During the late nineteenth century, the public was especially interested in animal intelligence due in a large part to Charles Darwin’s then recent publications.

Hans was a horse owned by a Mr. von Osten, who was a highschool math teacher, an amateur horse trainer and phrenologist, and something of a mystic.[1] Hans was taught to add, subtract, multiply, divide, work with fractions, tell time, keep track of the calendar, differentiate musical tones, and read, spell, and understand German. Von Osten would ask Hans, "if the eighth day of the month comes on a Tuesday, what is the date of the following Friday?” Hans would answer by tapping his foot. Questions could be asked both orally, and in written form. Von Osten exhibited Hans throughout Germany, and never charged admission. Hans’s abilities appeared on page four of the New York Times.

[edit] Investigation

Due to the large amount of public interest, the German board of education appointed a commission to investigate von Osten's scientific claims. Philosopher and psychologist Carl Stumpf formed a panel of 13 prominent scientists, known as the Hans Commission. This commission consisted of a veterinarian, a circus manager, a Cavalry officer, a number of school teachers, and the director of the Berlin zoological gardens. This commission concluded in September, 1904 that no tricks were involved in Hans’ performance.[2] The commission passed off the evaluation to Pfungst, who tested the basis for these claimed abilities by:

  1. Isolating horse and questioner from spectators, so no cues could come from them
  2. Using questioners other than the horse's master
  3. By means of blinders, varying whether the horse could see the questioner
  4. Varying whether the questioner knew the answer to the question in advance.

Using a substantial number of trials, Pfungst found that the horse could get the correct answer even if von Osten himself did not ask the questions, ruling out the possibility of fraud. However, the horse got the right answer only when the questioner knew what the answer was, and the horse could see the questioner. He observed that when von Osten knew the answers to the questions, Hans got 89 percent of the answers correct, but when von Osten did not know the answers to the questions, Hans only answered six percent of the questions correctly.
Pfungst then proceeded to examine the behaviour of the questioner in detail, and showed that as the horse's taps approached the right answer, the questioner's posture and facial expression changed in ways that were consistent with an increase in tension, which was released when the horse made the final, "correct" tap. This provided a cue that the horse could use to tell it to stop tapping.

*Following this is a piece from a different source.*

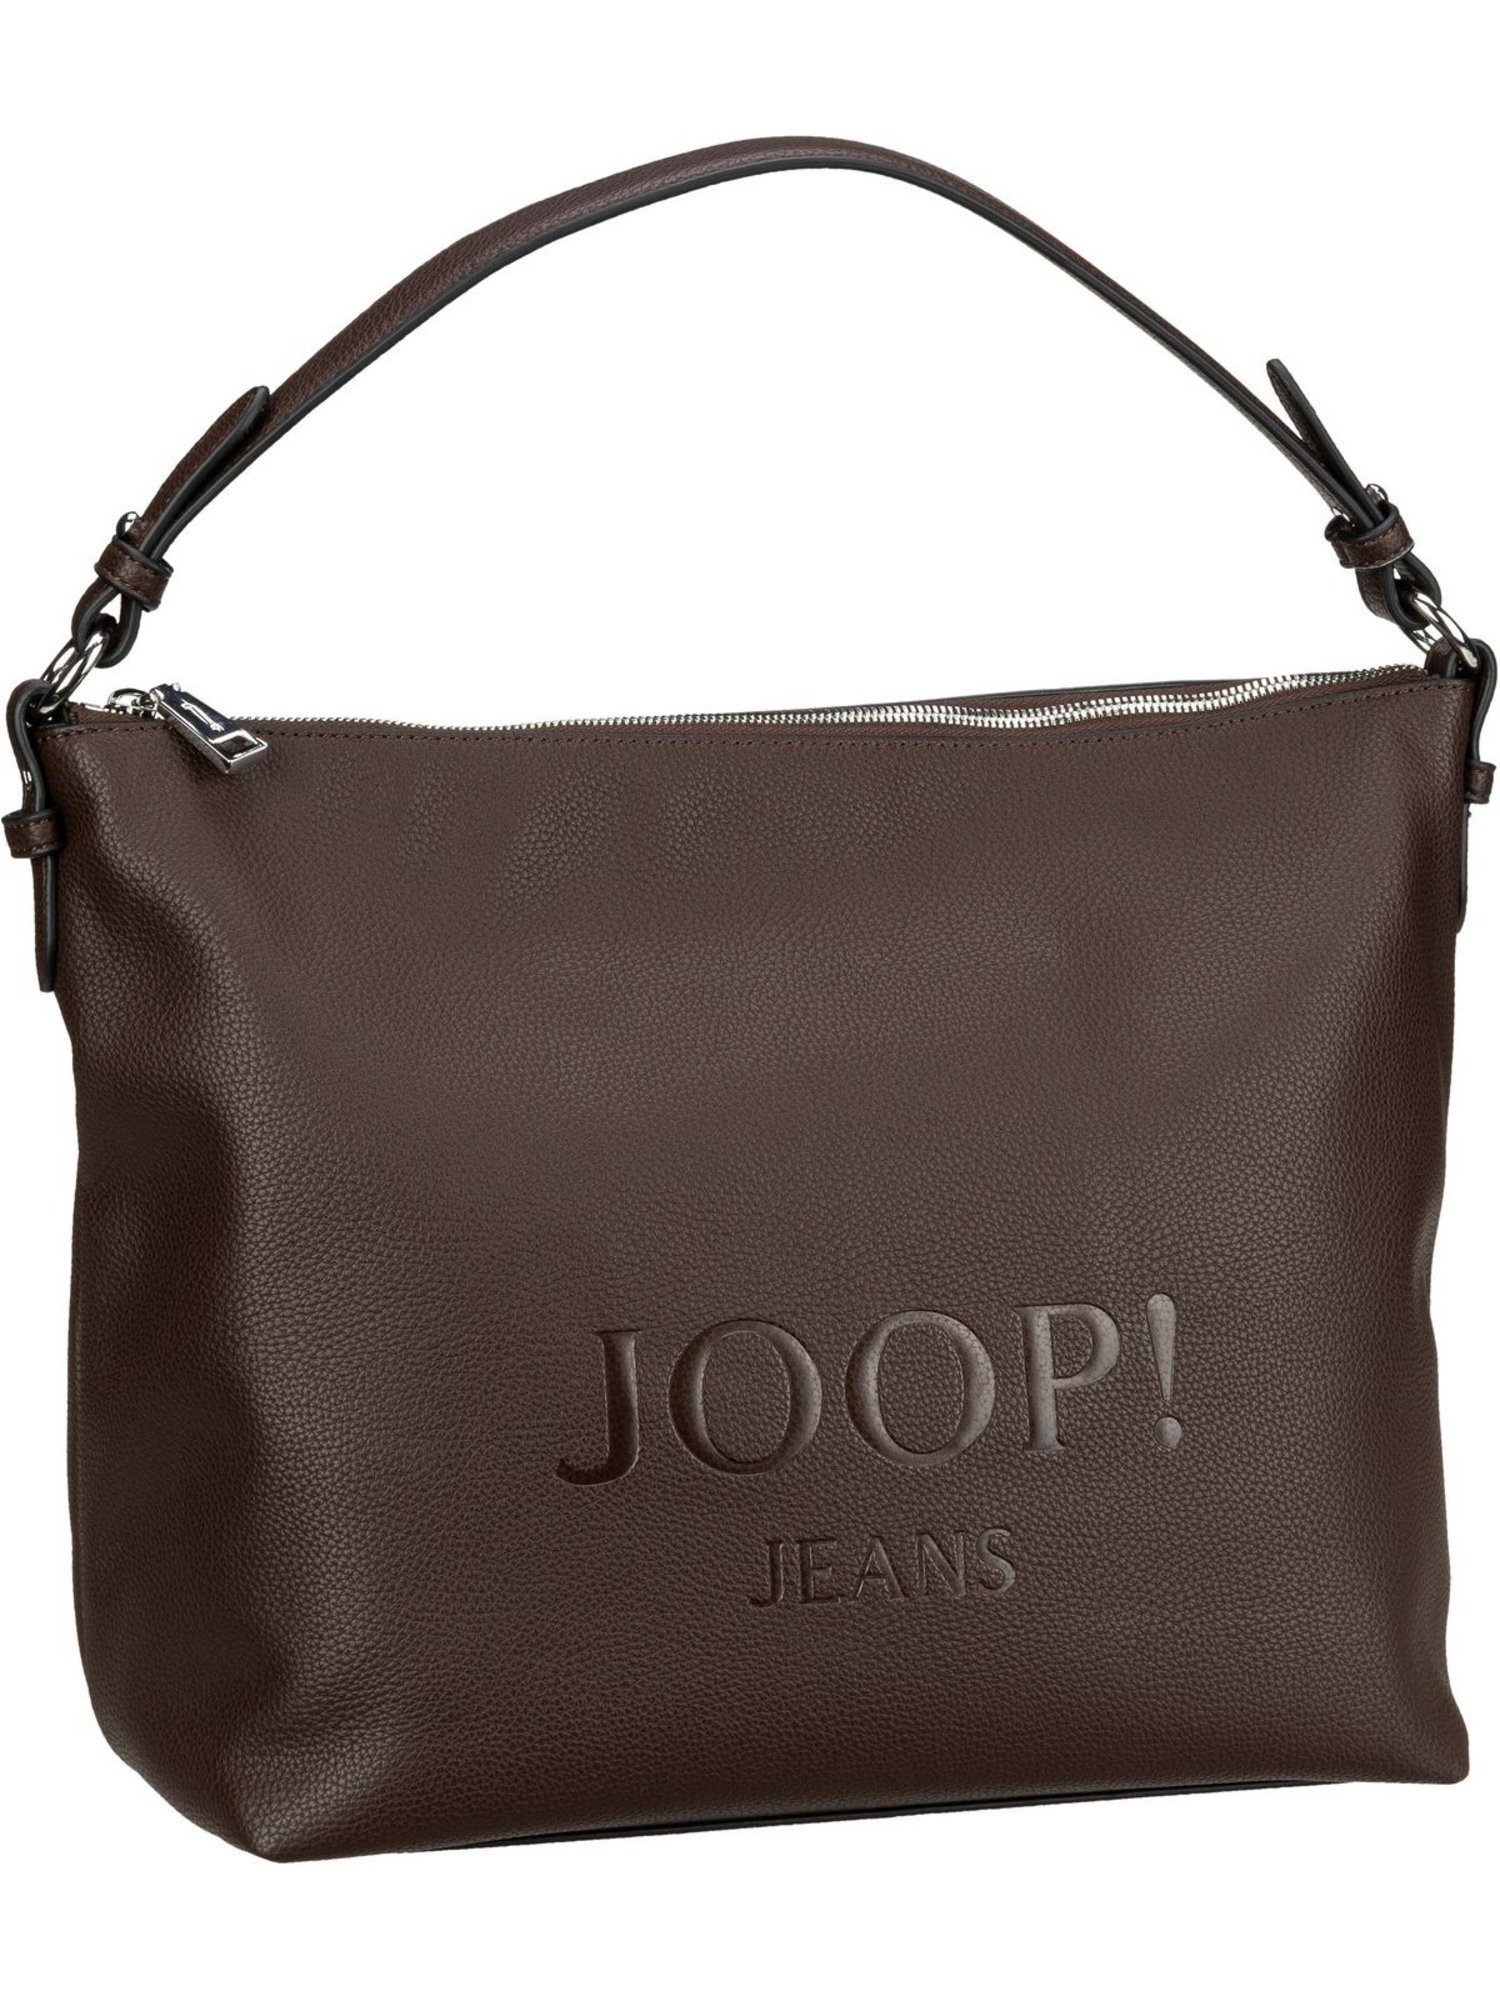 JOOP! Damentaschen online kaufen | OTTO

The social communication systems of horses probably depend on the detection of small postural changes, and this may be why Hans so easily picked up on the cues given by von Osten (who seems to have been entirely unaware that he was providing such cues). However, the capacity to detect such cues is not confined to horses. Pfungst proceeded to test the hypothesis that such cues would be discernible, by carrying out laboratory tests in which he played the part of the horse, and human participants sent him questions to which he gave numerical answers by tapping. He found that 90% of participants gave sufficient cues for him to get a correct answer.

Even after this official debunking, von Osten, who was never persuaded by Pfungst's findings, continued to show Hans around Germany, attracting large and enthusiastic crowds. [3]

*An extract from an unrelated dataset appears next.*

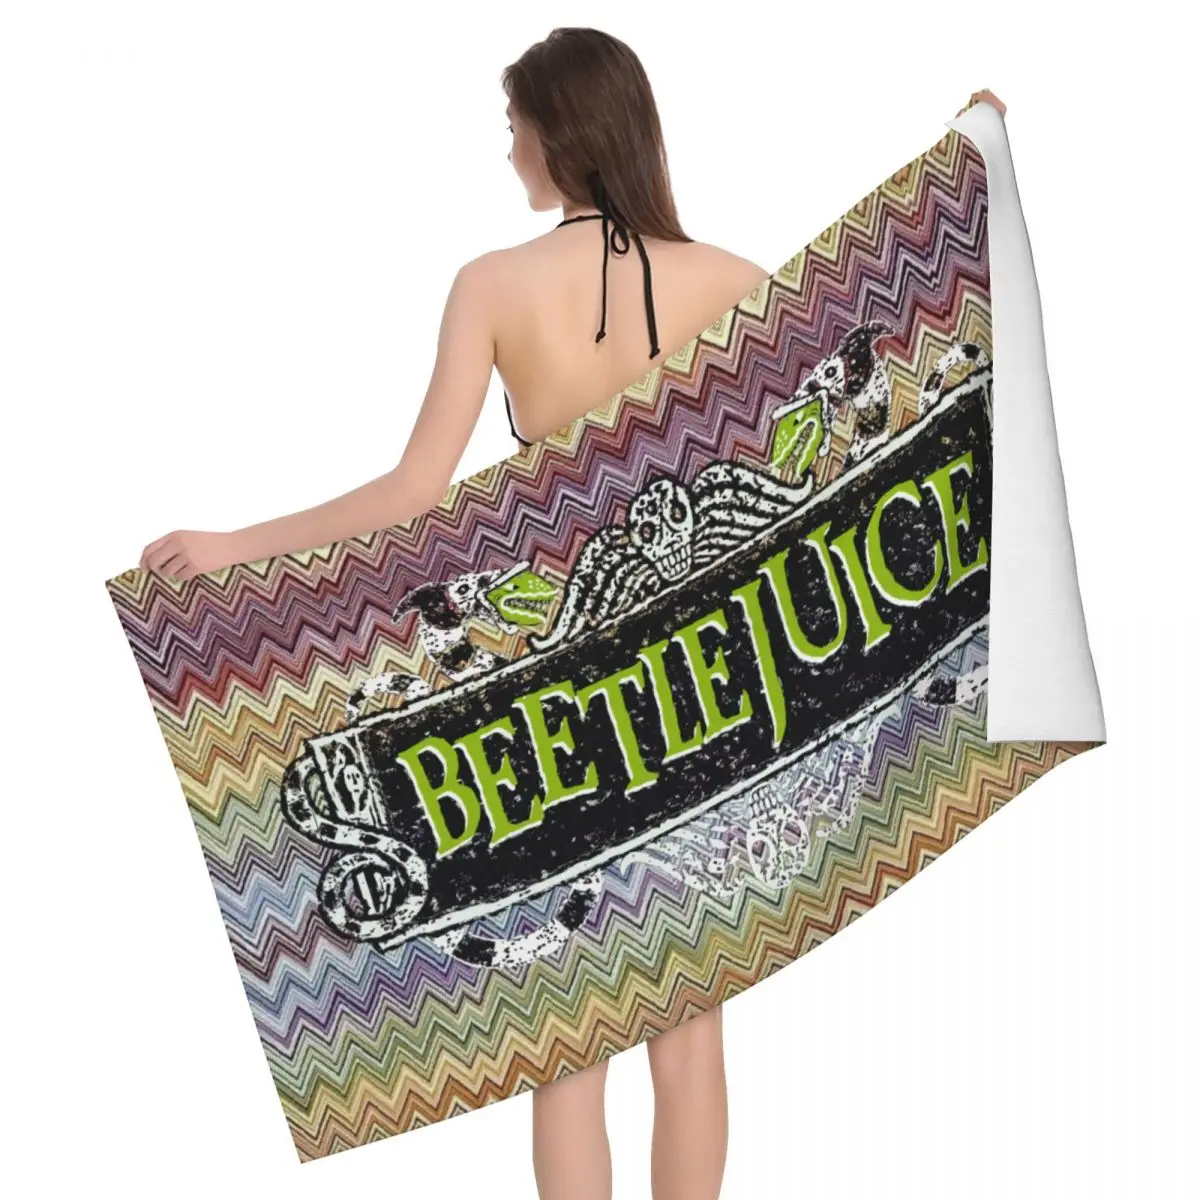 

Пляжное банное полотенце из микрофибры от Beetlejuice с изображением фильма ужасов, дорожные полотенца для плавания и кемпинга

[edit] The 'Clever Hans' effect

Pfungst made an extremely significant observation. After he had become adept at giving Hans performances himself, and fully aware of the subtle cues which made them possible, he discovered that he would produce them involuntarily regardless of whether he wished to exhibit or suppress them. This gives the phenomenon an importance which could hardly be exaggerated. Its recognition has had a large effect on experimental design and methodology for all experiments whatsoever involving sentient subjects (including humans). The risk of Clever Hans effects is one strong reason why comparative psychologists normally test animals in isolated apparatus, without interaction with them. However this creates problems of its own, because many of the most interesting phenomena in animal cognition are only likely to be demonstrated in a social context, and in order to train and demonstrate them, it is necessary to build up a social relationship between trainer and animal. This point of view has been strongly argued by Irene Pepperberg in relation to her studies of parrots, and by Alan and Beatrice Gardner in their study of the chimpanzee Washoe. If the results of such studies are to gain universal acceptance, it is necessary to find some way of testing the animals' achievements which eliminates the risk of Clever Hans effects. However, simply removing the trainer from the scene may not be an appropriate strategy, because where the social relationship between trainer and subject is strong, the removal of the trainer may produce emotional responses preventing the subject from performing. It is therefore necessary to devise procedures where none of those present knows what the animal's likely response may be.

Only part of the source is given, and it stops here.